It just surges up in me
when she starts on about marriage.
She just doesn't seem
to understand.
Sit down here next to me.
Come on.
Now, believe me, Sybylla,
the best kind of marriage...
is not love marriage
but friendship marriage.
You see,
your mother married for love.
I too...
married for love.
My husband isn't dead.
He- He left me
for someone else.
Left me to live
the rest of my life with the-
the shame of being
neither wife nor widow...
nor maid.
But why should you
be ashamed?
Marriage gives us respectability,
dear, as you'll learn.
No, that is just
what men want us to believe.
Stupid idiots like-
like Frank Hawden.
Well, I won't be caught up in it,
not by him or anyone.
Aunt Helen, please.
Please stop trying
to marry me off.
Well, I suppose I should...
tear up this invitation, then,
from Miss Augusta...
for you to stay a few days
at Five Bob.
Shall I?
I hear you've made a lot of changes
at Five Bob, Mr. Beecham.
Oh, yes, we have.
Must have been hard for you
when your father died.
Can I drive?
Whoa, boy, whoa.
Dear Lucy's daughter.
There's little resemblance.
No. I'm sorry.
A pity.
Well, come in.
Come along, child.
I'm not going to eat you.
Well, I think I'll turn in.
Early start tomorrow.
Good night, Aunt Gussie.
Good night, dear.
Good night, Miss Melvyn.
Good night, Mr. Beecham.
He always seems so quiet
and composed.
You don't have to live with him.
This must be the most
beautiful house in the world.
Too big.
Too many corners to dust.
Fancy living in it, do you?
No.
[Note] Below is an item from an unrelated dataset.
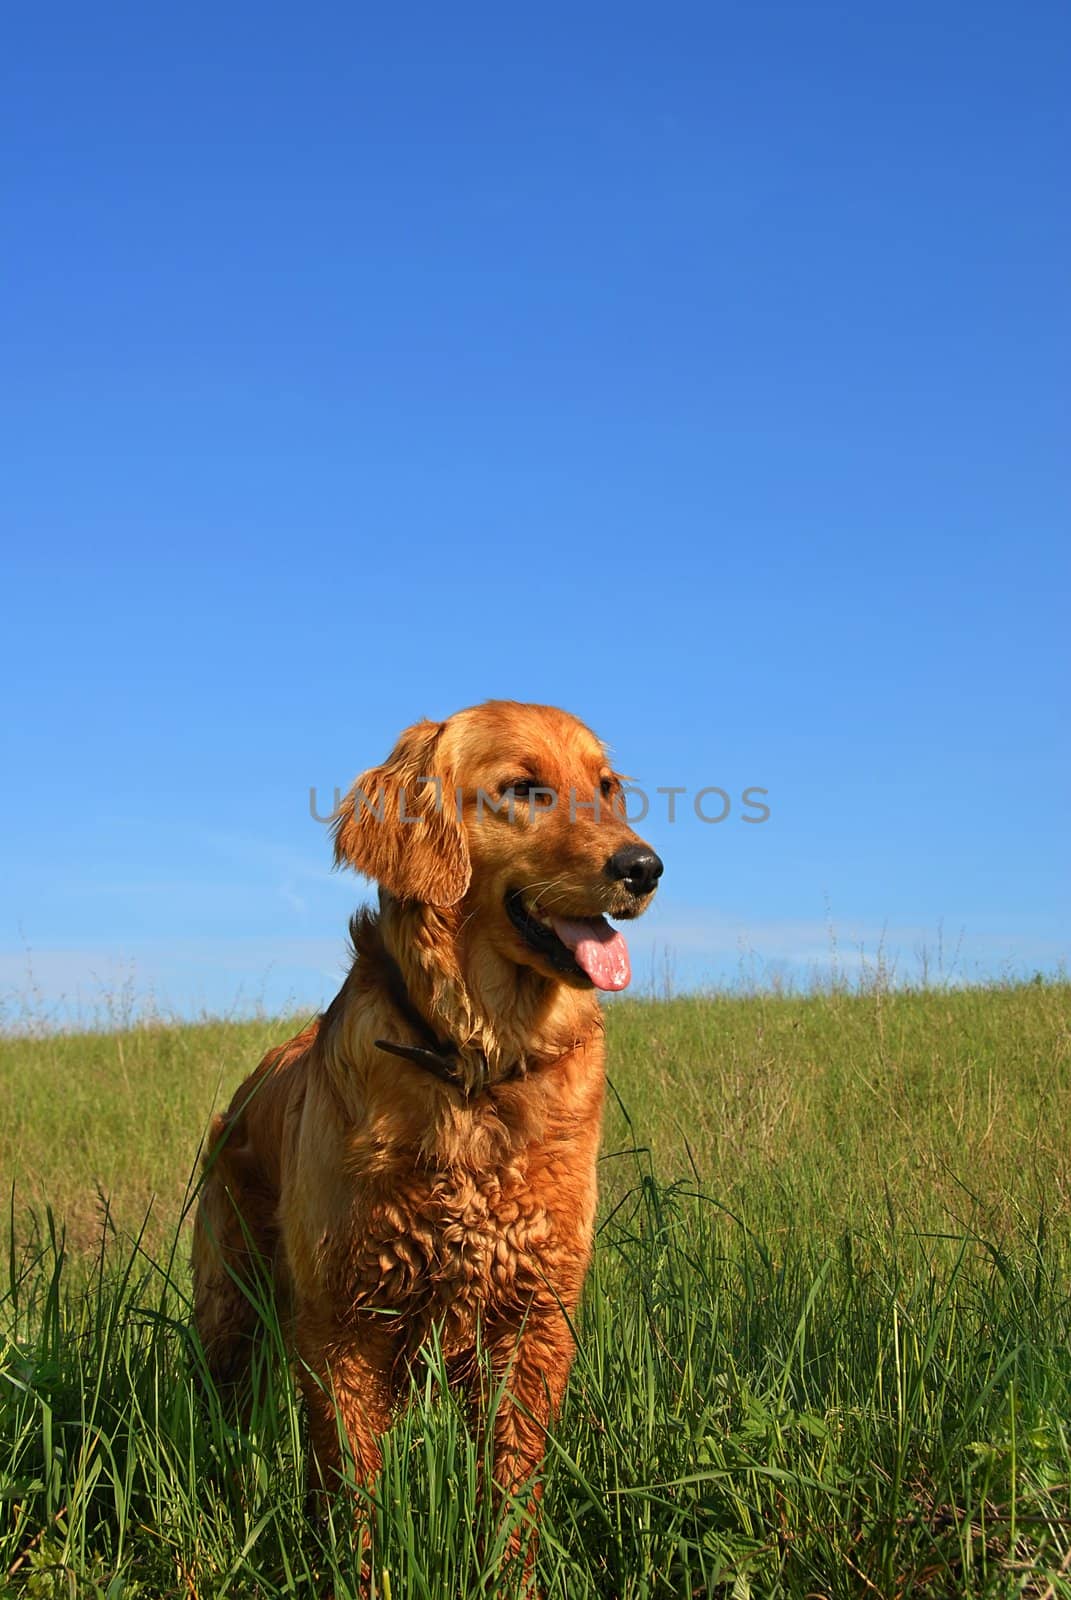 Golden retriever dog portrait by simply
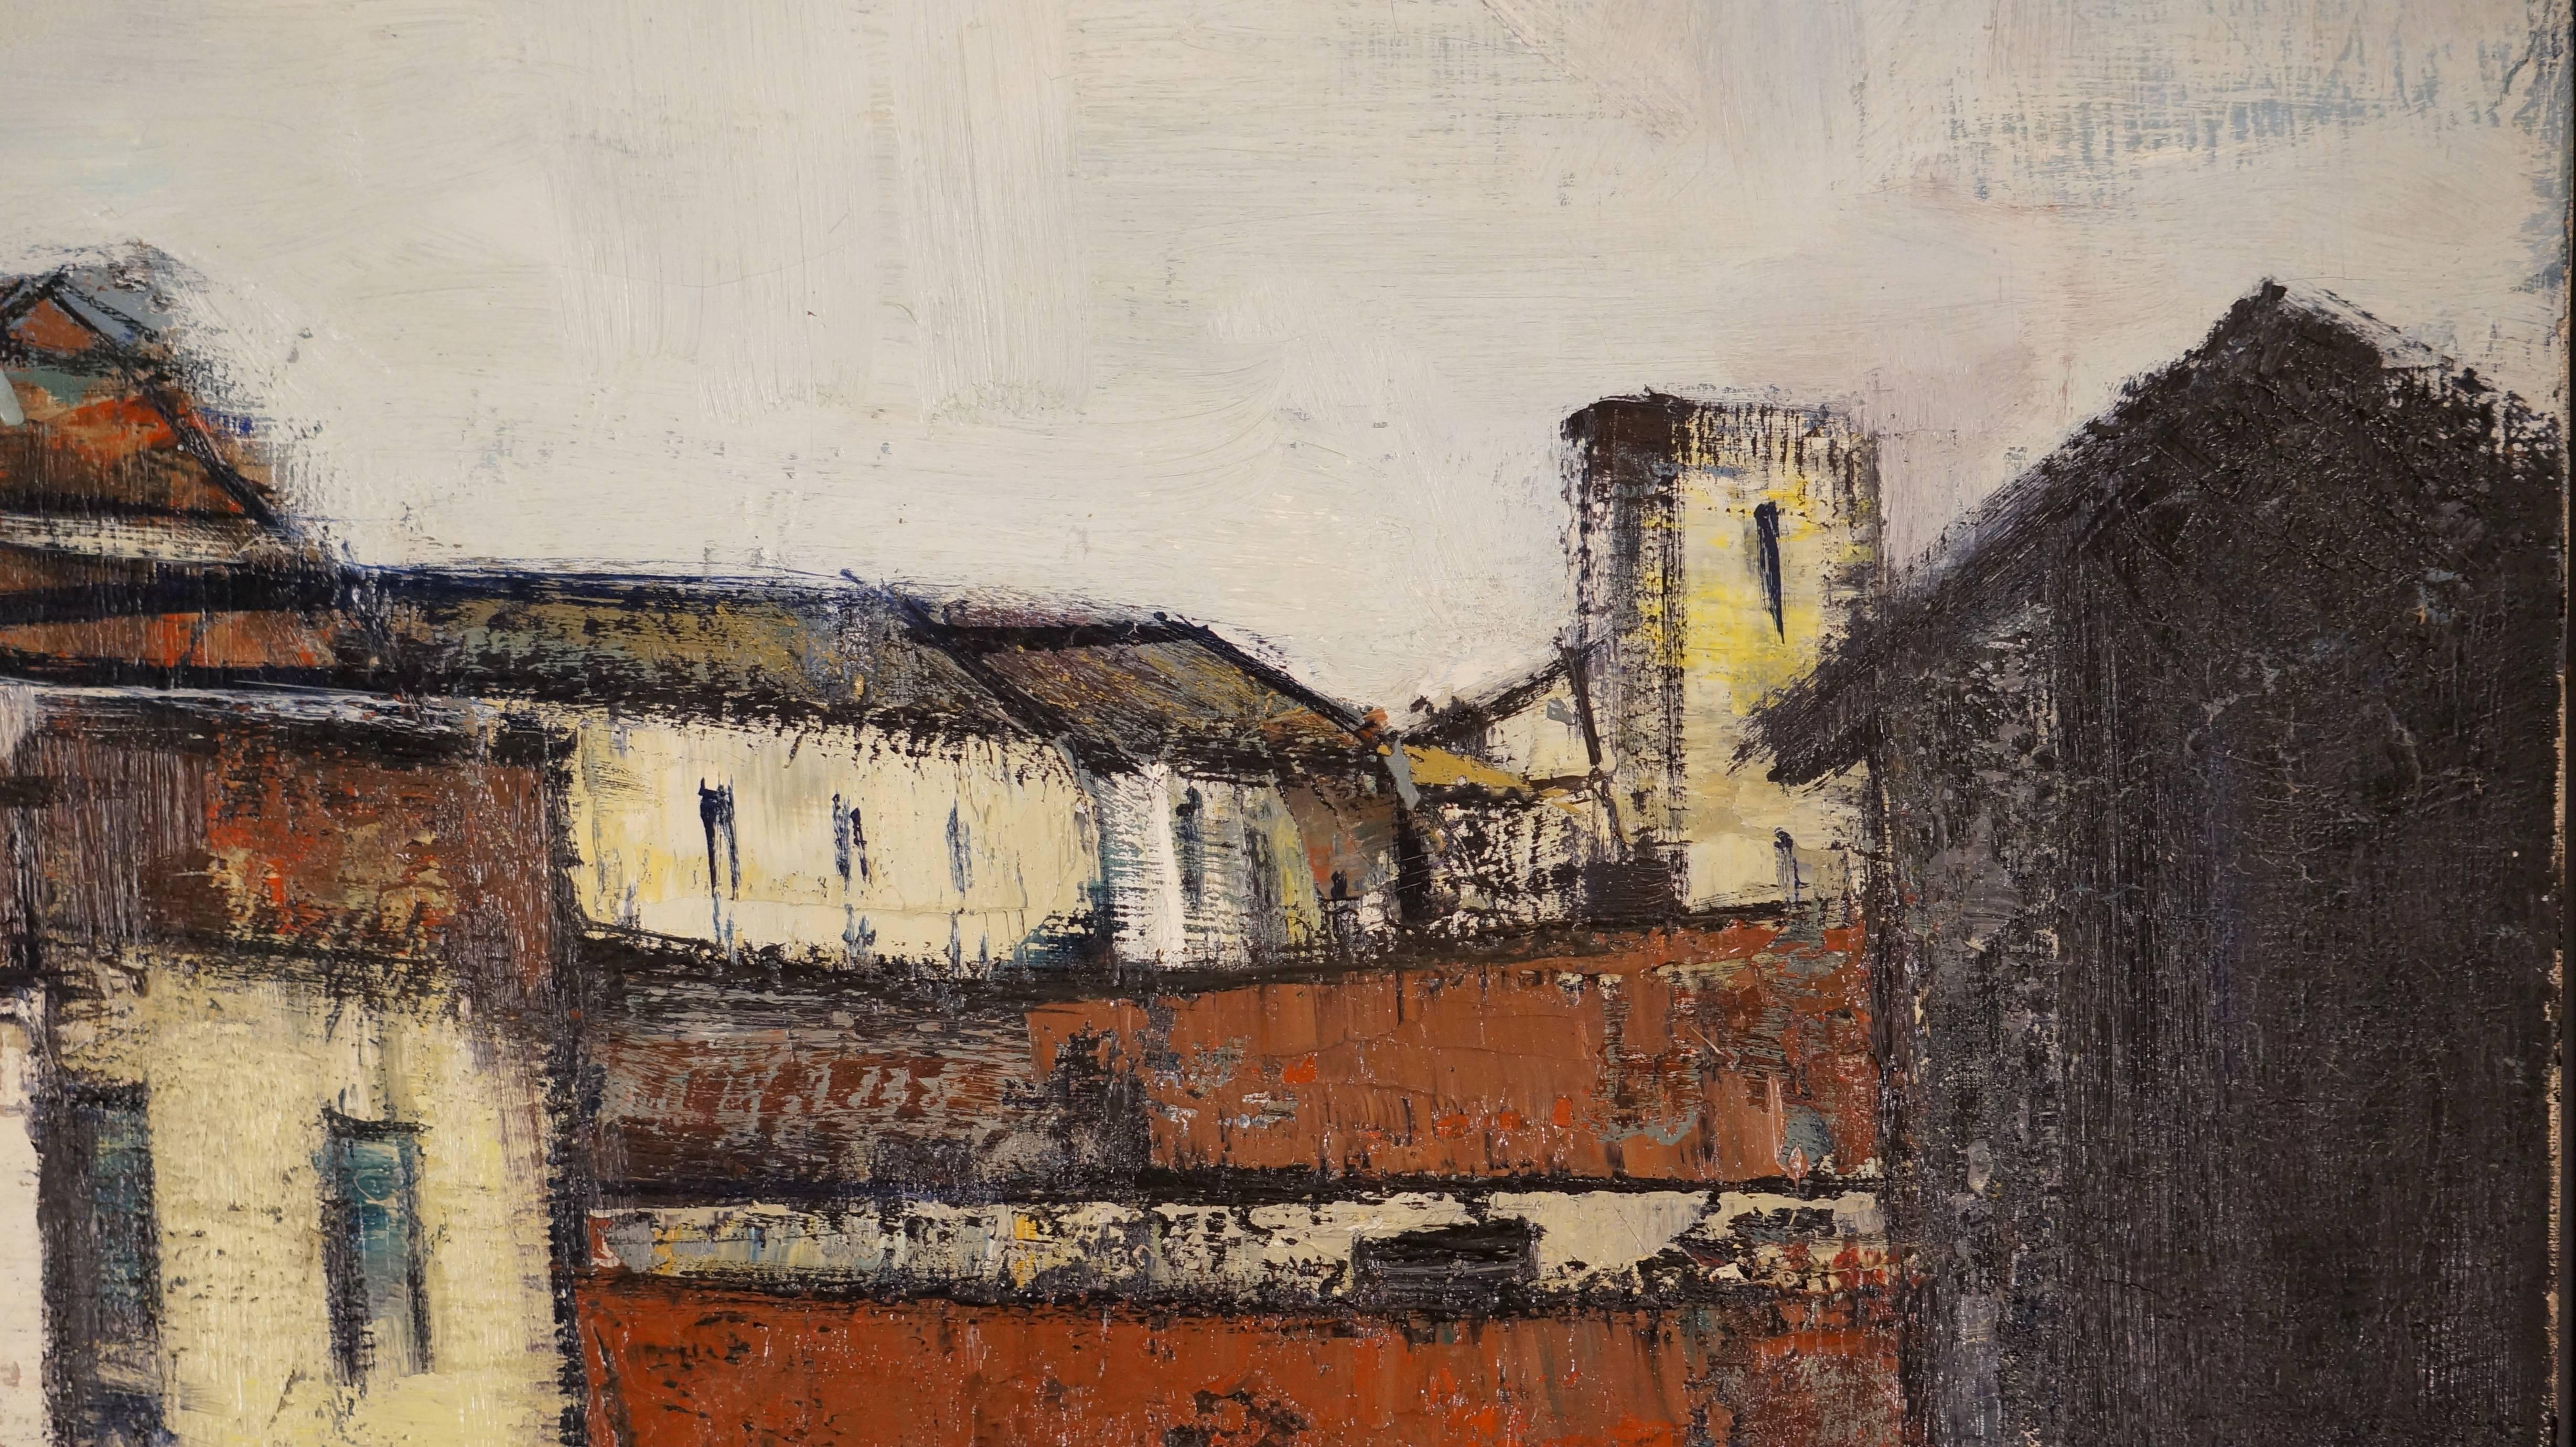 Small Town, 1950-60 - oil paint, 61x76 cm, framed - Modern Painting by Altmann Gérard

I'd get lost.
I wouldn't know what to do
with all those servants.
I wouldn't even know
what groceries to order.
I think another glass of port
won't harm us.
Beautiful creatures.
They're fortunate, aren't they?
Every day they get their food.
As long as I remember.
They never have to look for water
in a dried-up creek,
scratch for a living...
like all our countrymen.
Forced on the road to beg.
Perhaps they are meant to
counterbalance the ugly things of life.
Do you read the Australian poets,
Miss Gussie?
You know, I think ugly girls should be
strangled at birth by their parents.
It's bad enough being born a girl,
but being born ugly and clever-
Oh. Clever, are you?
Well, I hope so.
I'm done for if I'm not.
Has to be something
I'm good at.
There's sure to be.
Cool breezes ripples
at the river below...
as fleecy clouds float high...
and I mark how
the dark green gum trees match...
the bright blue vault of the sky.
We wouldn't be out of place
on the Thames in England.
I haven't done this for years.
Race you home!
You didn't stay long
at the river.
You washed your hair.
That will never dry by dinner.
Perhaps I should cut it
all off. Well, no, dear.
It'd be a pity to lose
your finest asset.
My only asset,
more like.
Oh, I wouldn't go
quite as far as that.
It must be contagious.
What's that?
Washing one's hair.
Or did you, by chance,
have an accident at the river?
No, no. I don't wish
to hear the details.
Well, as you both seem able
to entertain yourselves,
I'll see to dinner.
I was worried when I couldn't see you
when I came to the surface.
I thought
you might have drowned.
What a terrible loss to the world.
Yes, it would have been.
Good night, Miss Melvyn.
Good night, Mr. Beecham.
Thank you.
She was
a precocious child.
There's an improvement,
but not much.
Still skinny.
She's very young, Harry,
and spirited.
Take care.
Don't rush anything.
Very good.
Peddle a little faster.
Yes, a little faster.
Very good.
How long will you be away?
Oh, quite a few weeks.
I've got to go to the Queensland
property first... Oh, God.
And then to the shearing
at the Riverina.
Wait a minute.
I'll come over and see you
as soon as I get back.
There we are.
Well, safe home.
Thank you, Gussie.
Bye-bye, J.J.
Bye, Harry.
Good-bye, J.J.
Good-bye, my dear.
You be careful with that bicycle,
do you hear? I will. Bye-bye!
# Last night as I lay sleeping #
# There came a dream so fair #
# I stood in old Jerusalem #
# Beside the temple there #
# I heard the children singing #
# And ever as they sang #
# Me thought the voice of angels #
# From heaven in answer rang #
# Me thought the voice of angels #
# From heaven in answer rang #
#Jerusalem #
# Lift up your voice and sing #
# Hosanna #
# In the highest #
# Hosanna to your king ##
It must have been pretty quiet
for you at Five Bob.
Oh, I survived.
Mmm. Such a heavenly scent.
Really, Sybylla, must you play
those vulgar songs?
There are so many nice ones,
aren't there?
Here you are.
That should keep you going
for a while.
Thank you.
Good-bye. Good luck.
You too.
We'll have to watch her, Helen. She'll
give away half of Caddagat to those fellows.
Can't something be
done for them? You see?
She'd carve up the place among
them and send me on the wallaby.
Frank. And make sure Butler gives you
the right gauge ofwire this time. Hmm?
There's our acceptance for the ball,
and make sure you give it to Harry.
Harry. Harry Beecham?
He's back?
Oh, yes. Has been
for a couple ofweeks.
That's all the mail, unless
you have anything to add.
Um, can I take it?
Well, I don't suppose Frank
would mind a passenger.
- Oh, I'd like to go by myself.
- Not on your life, Syb. Not with those horses.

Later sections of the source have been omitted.